Modelling climate conditions in urban areas is of growing importance for urban heat island mitigation, building design, and city planning. In our research we aim to improve state-of-the-art urban canopy models (UCM), incorporate these in mesoscale numerical weather prediction (NWP) models, an apply the coupled system to study urban climate and the effect of heat mitigation measures in different cities with contrasting environmental conditions such as Zurich or Singapore.

Effect of resolution on urban heat island simulations
Simulations of the temperatures inside and outside the city of Zurich during a heat wave event in 2015.

We tested COSMO with different urban canopy models (UCM) and at different resolutions. The figure shows the results of a simulation of temperatures inside and outside the city of Zurich, simulated with and without coupling with the UCM TERRA-URB. Inside the city, the TERRA-URB parameterization significantly improves the agreement with observed temperatures, especially at night. Outside of the city the effect of TERRA-URB is small and both versions of COSMO overestimate nighttime temperatures. We also investigated the effect of model resolution on the representation of the urban heat island (UHI) effect in the city of Zurich.

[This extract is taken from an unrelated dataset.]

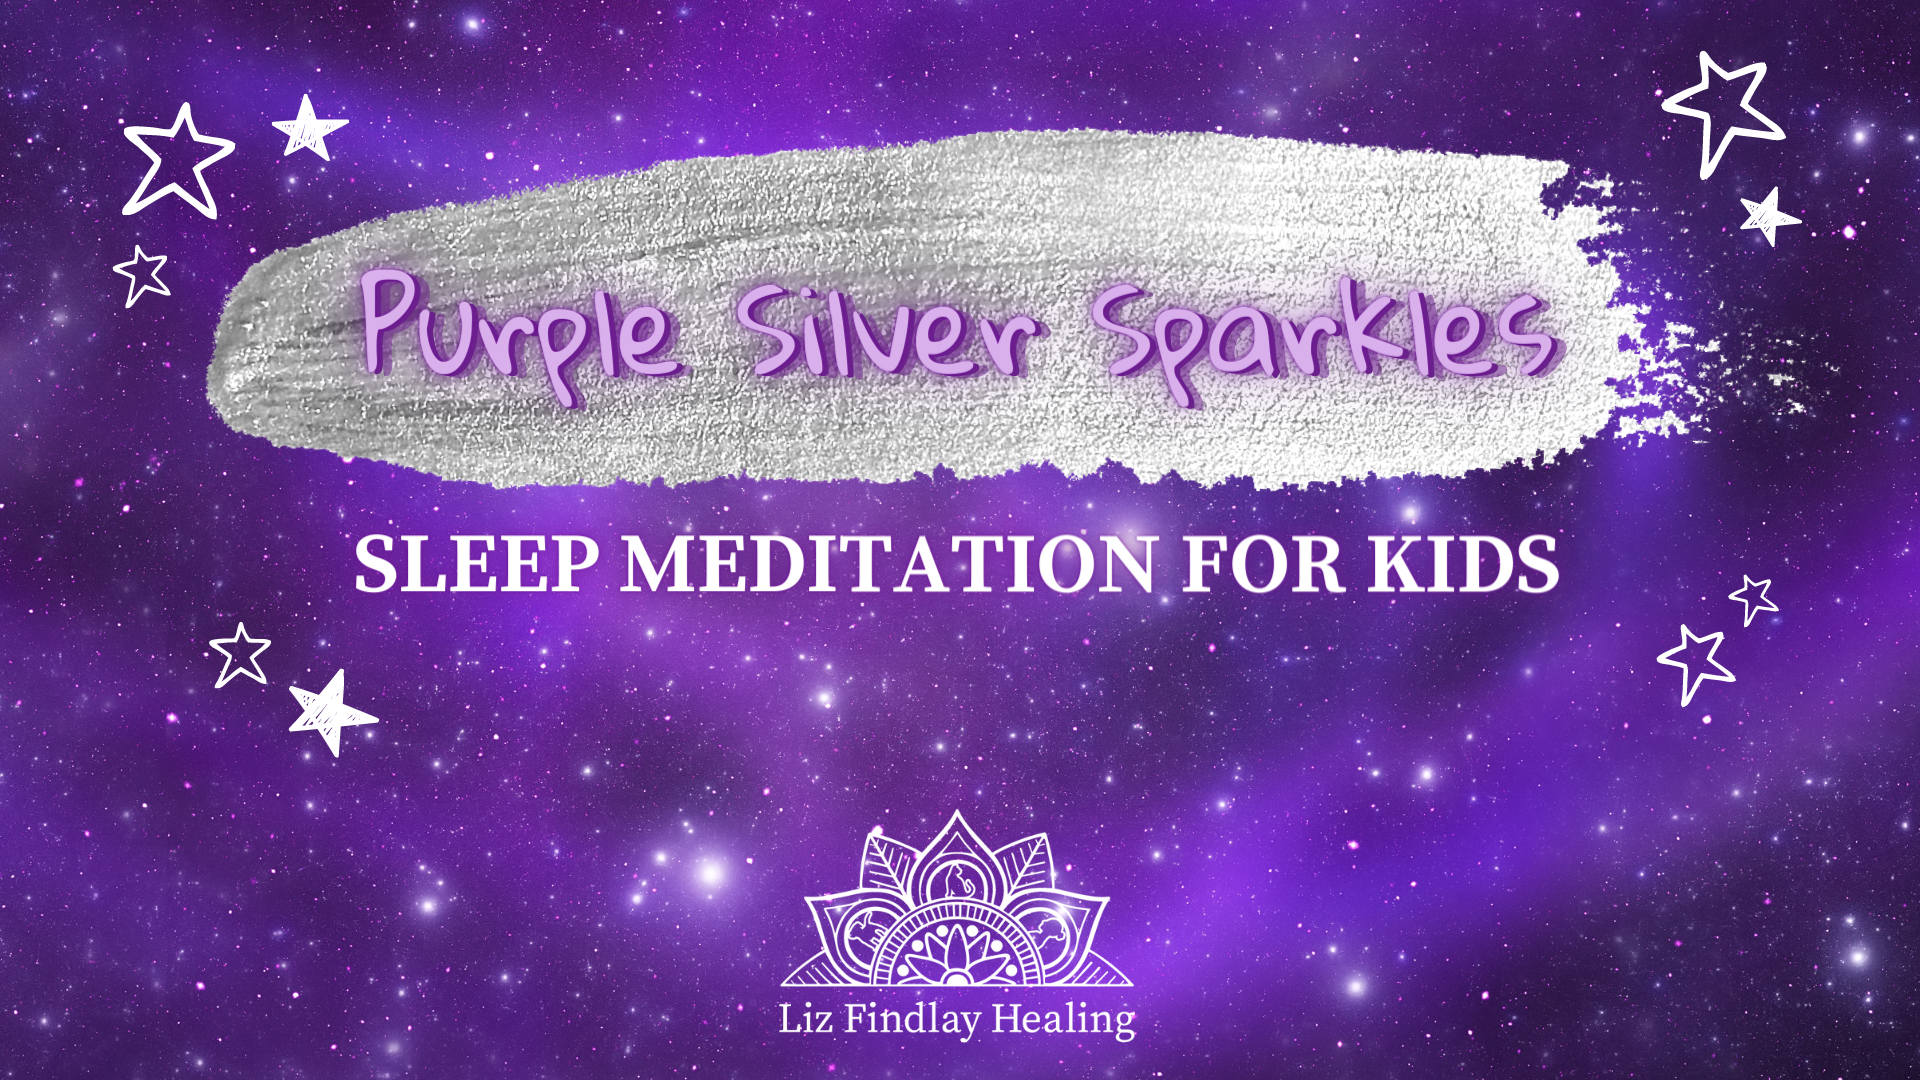 Purple Silver Sparkles - Sleep Meditation for Kids - With Liz Findlay

Improved representation of in-canyon vegetation

Current UCMs such as BEP or DCEP divide a given grid cell into an urban and a vegetated fraction, with the urban fraction representing a distribution of street canyons with different orientations and geometries, but neglecting vegetation. These models can not account for interactions between street canyons and in-canyon vegetation, which may be significant due to the influence of vegetation on drag, evapotranspiration and radiation/shadowing. Based on recent developements by Krayenhoff et al. (2014, 2015) we are integrating in-canyon vegetation into the multilayer urban canopy model DCEP coupled to COSMO (Schubert et al., 2012) to realistically represent the interactions between trees, buildings and the atmosphere and to study the effects of these interactions in the cities of Zurich and Singapore.

  • Krayenhoff, E. S., et al. "A multi-layer radiation model for urban neighbourhoods with trees." Boundary-layer mete-orology 151.1 (2014): 139-178.
  • Krayenhoff, E. S., et al. "Parametrization of drag and turbulence for urban neighbourhoods with trees." Boundary-Layer Meteorology 156.2 (2015): 157-189.
  • Schubert, Sebastian, et al. "A double-canyon radiation scheme for multi-layer urban canopy models." Boundary-layer meteorology 145.3 (2012): 439-468.